Porém em seu lugar pôs a seus filhos; a estes Josué circuncidou: porquanto estavam incircuncisos, porque os não circuncidaram no caminho.
8 Bütün erkekler sünnet edildikten sonra yaraları iyileşinceye dek ordugahta kaldılar.
E aconteceu que, acabando de circuncidar a toda a nação, ficaram no seu lugar no arraial, até que sararam.
9 RAB Yeşu'ya, “Mısır'da uğradığınız utancı bugün üzerinizden kaldırdım” dedi. Bugün de oraya Gilgal denmesinin nedeni budur.
Disse mais o Senhor a Josué: Hoje revolvi de sobre vós o opróbrio do Egito; pelo que o nome daquele lugar se chamou Gilgal, até ao dia de hoje.
10 Gilgal'da, Eriha ovalarında konaklamış olan İsrail halkı, ayın on dördüncü gününün akşamı Fısıh Bayramı'nı kutladı.
Estando pois os filhos de Israel alojados em Gilgal, celebraram a pascoa no dia quatorze do mes, à tarde, nas campinas de Jericó.
11 Bayramın ertesi günü, tam o gün, ülkenin ürününden mayasız ekmek yaptılar ve kavrulmuş başak yediler.
E comeram do trigo da terra do ano antecedente, ao outro dia depois da pascoa, pães asmos e espigas tostadas, no mesmo dia.
12 Ülkenin ürününden yemeleri üzerine ertesi gün man kesildi.
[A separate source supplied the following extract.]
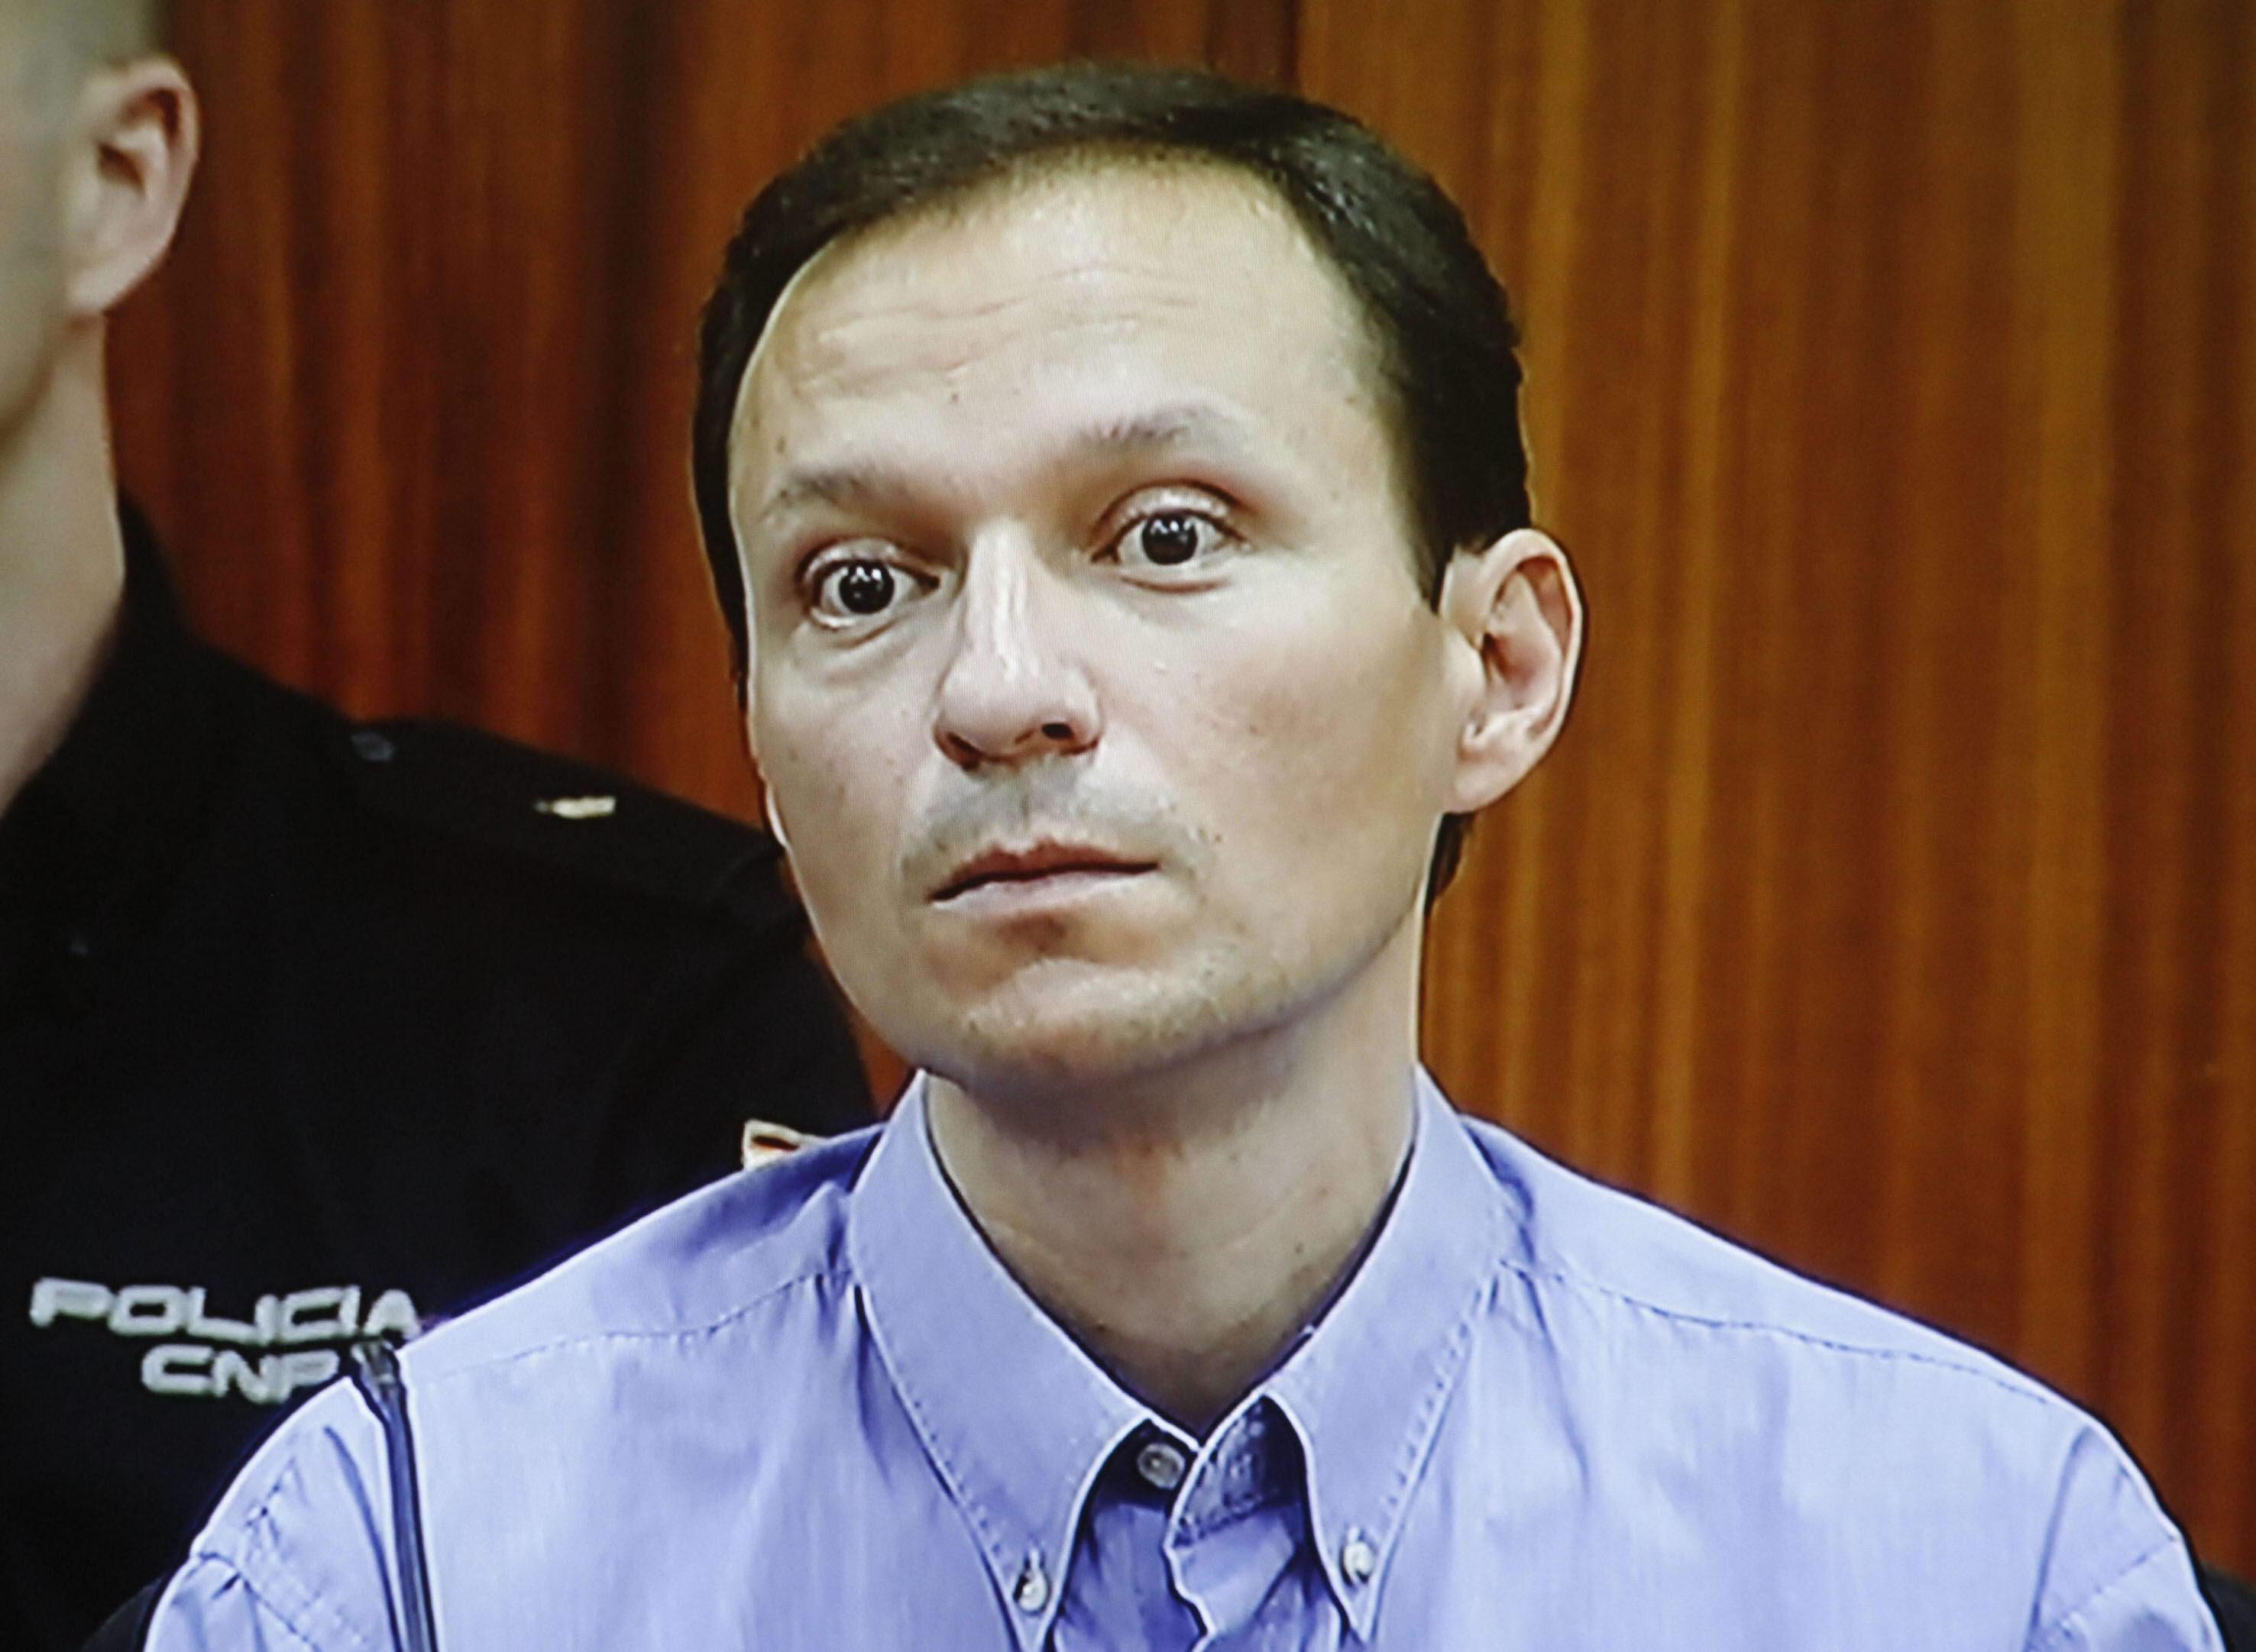 Archivan el caso contra la perito del caso Bretón que dijo que los huesos se fueron de copas

Man kesilince İsrailliler o yıl Kenan topraklarının ürünüyle beslendiler.
E cessou o maná no dia seguinte, depois que comeram do trigo da terra do ano antecedente; e os filhos de Israel não tiveram mais maná: porém no mesmo ano comeram das novidades da terra de Canaan.
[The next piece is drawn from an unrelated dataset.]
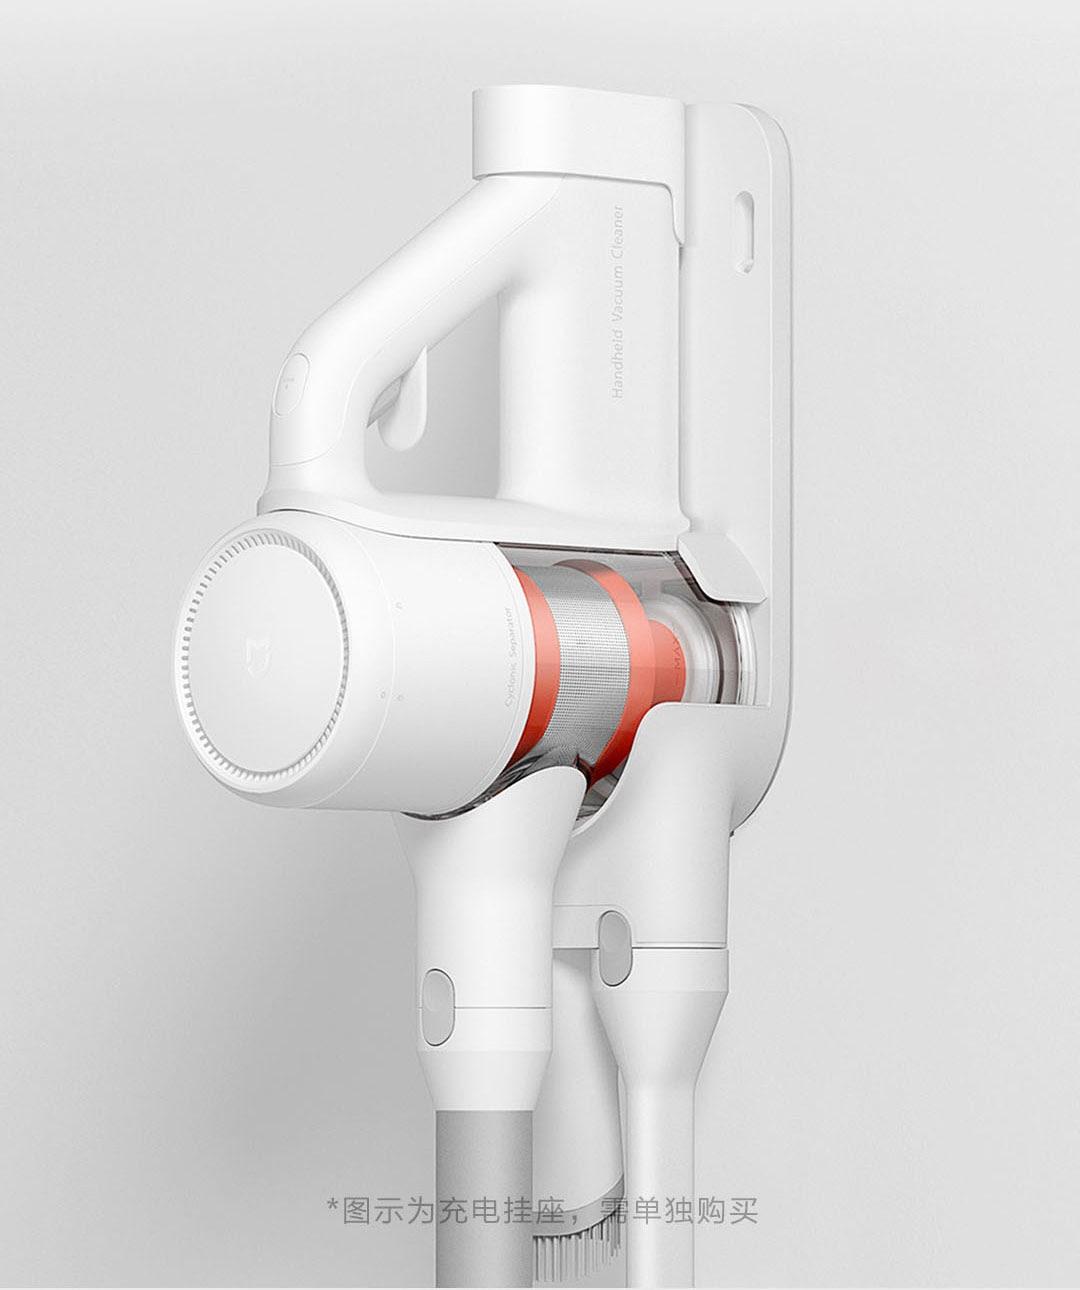 Máy hút bụi cầm tay không dây Mijia SCWXCQ01RR

13 Yeşu Eriha'nın yakınındaydı. Başını kaldırınca önünde, kılıcını çekmiş bir adam gördü. Ona yaklaşarak, “Sen bizden misin, karşı taraftan mı?” diye sordu.
E sucedeu que, estando Josué ao pé de Jericó, levantou os seus olhos, e olhou; e eis que se pôs em pé diante dele um homem que tinha na mão uma espada nua: e chegou-se Josué a ele, e disse-lhe: És tu dos nossos, ou dos nossos inimigos?
14 Adam, “Hiçbiri” dedi, “Ben RAB'bin ordusunun komutanıyım. Şimdi geldim.” O zaman Yeşu yüzüstü yere kapanıp ona tapındı. “Efendimin kuluna buyruğu nedir?” diye sordu.
E disse ele: Não, mas venho agora como príncipe do exército do Senhor. Então Josué se prostrou sobre o seu rosto na terra, e o adorou, e disse-lhe: Que diz meu senhor ao seu servo?
15 RAB'bin ordusunun komutanı, “Çarığını çıkar” dedi, “Çünkü bastığın yer kutsaldır.” Yeşu söyleneni yaptı.
Então disse o príncipe do exército do Senhor a Josué: Descalça os sapatos de teus pés, porque o lugar em que estás é santo. E fez Josué assim.